“Patience is bitter, but it’s fruit is sweet.”
"Sometimes the best investments are the ones you don't make."
“After spending many years in Wall Street and after making and losing millions of dollars I want to tell you this: It never was my thinking that made the big money for me. It was my sitting. Got that? My sitting tight! Men who can both be right and sit tight are uncommon. I found it one of the hardest things to learn. But it is only after a stock operator has firmly grasped this that he can make big money.”
1. Every time you feel the urge to sell a stock you've just recently acquired simply because it risen in price, ask yourself "Have the fundamentals of the company changed since you first bought the stock? Has the sector or industry significantly changed to the point that the company can no longer compete? Are the reasons that you initially bought the stock no longer valid?" If the answers to the questions above are no, then be patient and remain invested.

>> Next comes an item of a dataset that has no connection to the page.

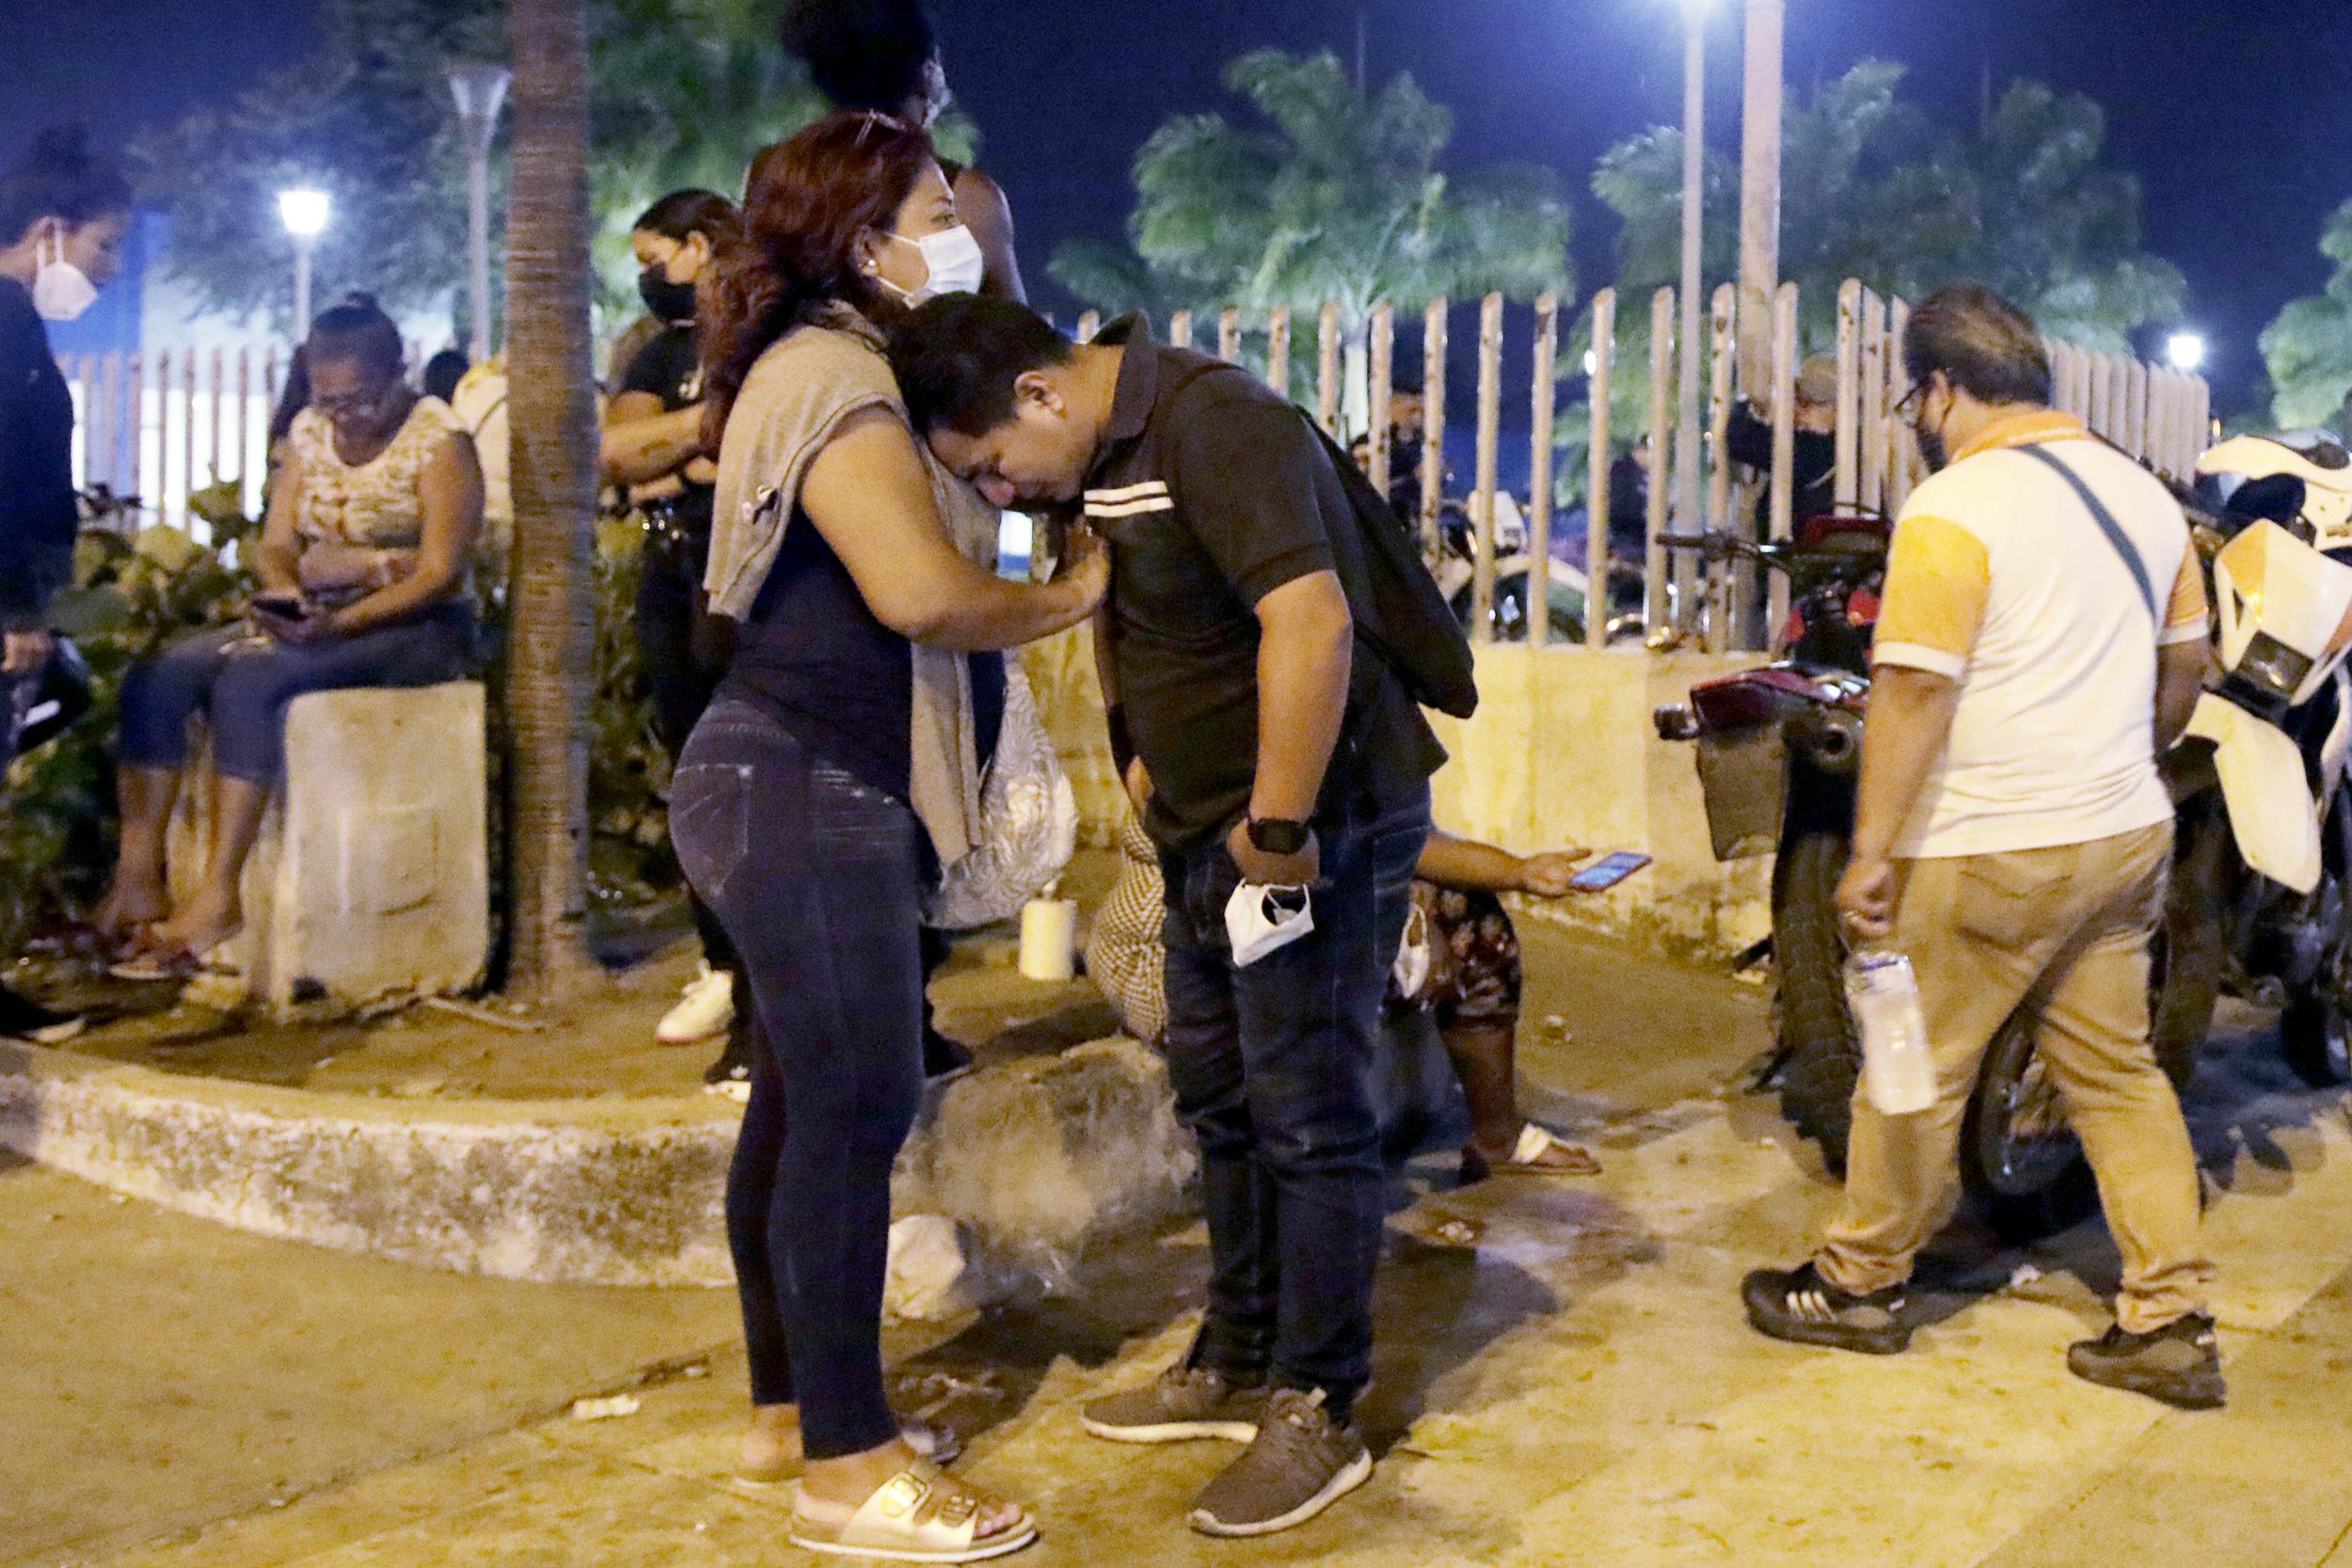 Ecuador declares prison emergency after scores killed in gang battle, some beheaded

2. Every time you get the urge to trade, stop and ask yourself "Are the technicals in place such that a trade is prudent? Are any of the momentum indicators screaming that this is the absolute perfect time to trade?" If the technicals aren't right then the timing is all wrong.
If you ask yourself the things above before you make that next reactive trade, you'll begin to realize and incorporate a certain degree of patience in your trading philosophy. What you will begin to discover is that a little more inactivity in your trading may just turn out to be beneficial to your portfolio.
This may just be something worth thinking about.